----- WORKING DATA
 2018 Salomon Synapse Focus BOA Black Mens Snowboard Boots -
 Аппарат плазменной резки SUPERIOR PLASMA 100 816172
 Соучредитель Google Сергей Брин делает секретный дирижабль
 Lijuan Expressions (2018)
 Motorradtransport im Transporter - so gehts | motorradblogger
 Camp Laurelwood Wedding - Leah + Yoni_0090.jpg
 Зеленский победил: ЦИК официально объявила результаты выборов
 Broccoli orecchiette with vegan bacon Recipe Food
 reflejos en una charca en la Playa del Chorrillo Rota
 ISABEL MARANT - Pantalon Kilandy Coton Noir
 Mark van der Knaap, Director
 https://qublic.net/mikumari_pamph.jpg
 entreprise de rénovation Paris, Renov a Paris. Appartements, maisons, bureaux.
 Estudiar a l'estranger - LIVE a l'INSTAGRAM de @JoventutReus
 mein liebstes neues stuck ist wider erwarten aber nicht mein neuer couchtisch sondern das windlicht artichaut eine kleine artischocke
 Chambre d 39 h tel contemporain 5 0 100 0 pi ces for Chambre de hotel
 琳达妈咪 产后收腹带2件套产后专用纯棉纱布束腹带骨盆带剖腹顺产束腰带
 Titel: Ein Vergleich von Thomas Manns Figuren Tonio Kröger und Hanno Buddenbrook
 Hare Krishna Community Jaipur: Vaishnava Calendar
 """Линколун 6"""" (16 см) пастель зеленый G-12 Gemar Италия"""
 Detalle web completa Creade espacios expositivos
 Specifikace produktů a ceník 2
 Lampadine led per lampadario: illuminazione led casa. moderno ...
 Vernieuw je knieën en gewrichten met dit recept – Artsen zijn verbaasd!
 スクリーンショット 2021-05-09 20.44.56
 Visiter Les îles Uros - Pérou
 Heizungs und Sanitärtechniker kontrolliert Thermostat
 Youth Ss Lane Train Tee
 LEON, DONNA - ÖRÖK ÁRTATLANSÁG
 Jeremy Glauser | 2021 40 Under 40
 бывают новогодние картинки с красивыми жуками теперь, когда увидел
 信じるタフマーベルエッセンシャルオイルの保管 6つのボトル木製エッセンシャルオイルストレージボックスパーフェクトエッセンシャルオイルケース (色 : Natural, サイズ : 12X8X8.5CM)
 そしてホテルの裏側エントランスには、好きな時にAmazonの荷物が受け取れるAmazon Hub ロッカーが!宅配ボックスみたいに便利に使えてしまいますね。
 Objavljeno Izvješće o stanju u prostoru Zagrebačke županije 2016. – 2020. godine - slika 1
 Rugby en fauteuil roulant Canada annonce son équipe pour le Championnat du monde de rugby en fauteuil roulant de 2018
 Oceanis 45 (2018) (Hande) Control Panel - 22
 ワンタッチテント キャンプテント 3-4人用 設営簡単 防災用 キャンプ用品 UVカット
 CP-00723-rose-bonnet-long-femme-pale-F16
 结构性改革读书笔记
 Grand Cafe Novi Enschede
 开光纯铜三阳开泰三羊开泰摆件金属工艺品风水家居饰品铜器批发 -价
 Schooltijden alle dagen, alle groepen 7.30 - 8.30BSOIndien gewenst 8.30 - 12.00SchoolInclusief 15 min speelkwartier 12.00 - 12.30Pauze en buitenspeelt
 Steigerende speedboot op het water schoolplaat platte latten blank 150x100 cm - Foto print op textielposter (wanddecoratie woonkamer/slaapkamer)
----------
▸ **WHAT YOU ARE ASKED TO DO**
Scan the entries above for the line containing "(16 см) пастель", and copy it and all lines after it exactly, down to and including the line containing "Objavljeno Izvješće o".

▸ **FINAL ANSWER**
 """Линколун 6"""" (16 см) пастель зеленый G-12 Gemar Италия"""
 Detalle web completa Creade espacios expositivos
 Specifikace produktů a ceník 2
 Lampadine led per lampadario: illuminazione led casa. moderno ...
 Vernieuw je knieën en gewrichten met dit recept – Artsen zijn verbaasd!
 スクリーンショット 2021-05-09 20.44.56
 Visiter Les îles Uros - Pérou
 Heizungs und Sanitärtechniker kontrolliert Thermostat
 Youth Ss Lane Train Tee
 LEON, DONNA - ÖRÖK ÁRTATLANSÁG
 Jeremy Glauser | 2021 40 Under 40
 бывают новогодние картинки с красивыми жуками теперь, когда увидел
 信じるタフマーベルエッセンシャルオイルの保管 6つのボトル木製エッセンシャルオイルストレージボックスパーフェクトエッセンシャルオイルケース (色 : Natural, サイズ : 12X8X8.5CM)
 そしてホテルの裏側エントランスには、好きな時にAmazonの荷物が受け取れるAmazon Hub ロッカーが!宅配ボックスみたいに便利に使えてしまいますね。
 Objavljeno Izvješće o stanju u prostoru Zagrebačke županije 2016. – 2020. godine - slika 1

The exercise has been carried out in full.